2019-11-17 02:33:06.953 INFO [kea-dhcp4.commands/10133] COMMAND_RECEIVED Received command 'ha-heartbeat' ## this is from our monitoring, not the standby
Logs from standby:
2019-11-17 02:28:54.120 INFO [kea-dhcp4.commands/14468] COMMAND_RECEIVED Received command 'ha-heartbeat'
2019-11-17 02:28:58.796 INFO [kea-dhcp4.commands/14468] COMMAND_RECEIVED Received command 'lease4-update'
2019-11-17 02:29:59.225 ERROR [kea-dhcp4.commands/14468] COMMAND_SOCKET_WRITE_FAIL Error while writing to command socket 28 : Broken pipe
2019-11-17 02:29:59.228 INFO [kea-dhcp4.commands/14468] COMMAND_RECEIVED Received command 'ha-heartbeat'
2019-11-17 02:29:59.228 ERROR [kea-dhcp4.ha-hooks/14468] HA_HIGH_CLOCK_SKEW_CAUSES_TERMINATION my time: 2019-11-17 01:29:59, partner's time: 2019-11-17 01:28:56, partner's clock is 63s behind, causing HA service to terminate
2019-11-17 02:29:59.228 INFO [kea-dhcp4.ha-hooks/14468] HA_STATE_TRANSITION server transitions from HOT-STANDBY to TERMINATED state, partner state is HOT-STANDBY
2019-11-17 02:29:59.229 INFO [kea-dhcp4.ha-hooks/14468] HA_LEASE_UPDATES_DISABLED lease updates will not be sent to the partner while in TERMINATED state
2019-11-17 02:29:59.229 ERROR [kea-dhcp4.ha-hooks/14468] HA_TERMINATED HA service terminated due to an unrecoverable condition. Check previous error message(s), address the problem and restart!

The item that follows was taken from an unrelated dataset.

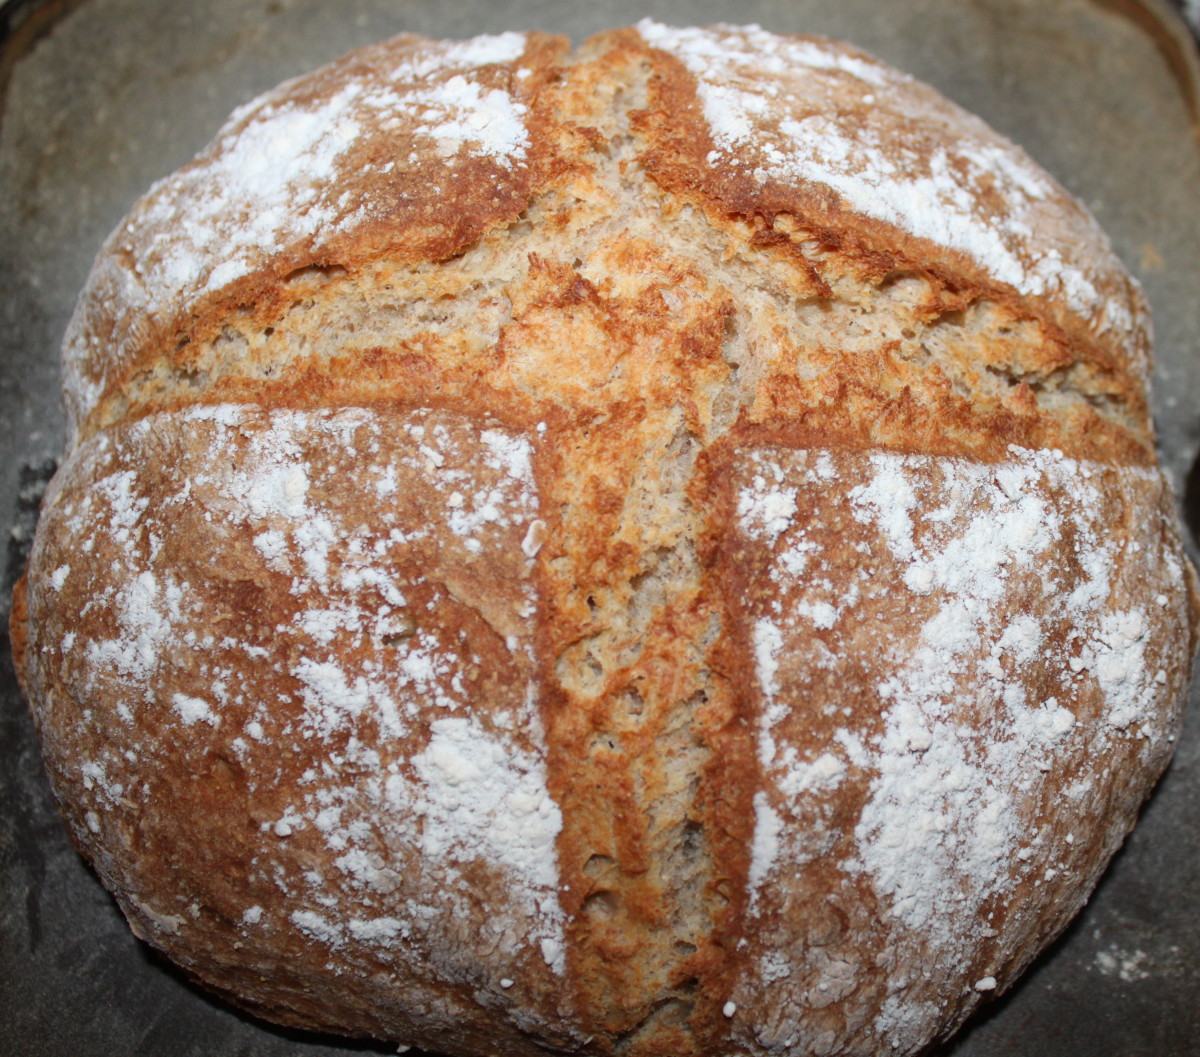 Step five: Enjoy! Now this is a perfect-looking loaf!

2019-11-17 02:30:03.821 INFO [kea-dhcp4.commands/14468] COMMAND_RECEIVED Received command 'ha-heartbeat'
2019-11-17 02:30:03.844 INFO [kea-dhcp4.commands/14468] COMMAND_RECEIVED Received command 'dhcp-disable'
2019-11-17 02:30:03.868 INFO [kea-dhcp4.commands/14468] COMMAND_RECEIVED Received command 'lease4-get-page'
2019-11-17 02:30:03.898 INFO [kea-dhcp4.commands/14468] COMMAND_RECEIVED Received command 'dhcp-enable'
2019-11-17 02:30:08.922 INFO [kea-dhcp4.commands/14468] COMMAND_RECEIVED Received command 'ha-heartbeat' ## probably monitoring again, after this guaranteed just monitoring
What is weird to me is that only the standby saw the clock skew... could the heartbeat response been delayed that long causing a false-positive? It might not be a bad idea to make a second check for clock skew if that is really what happened.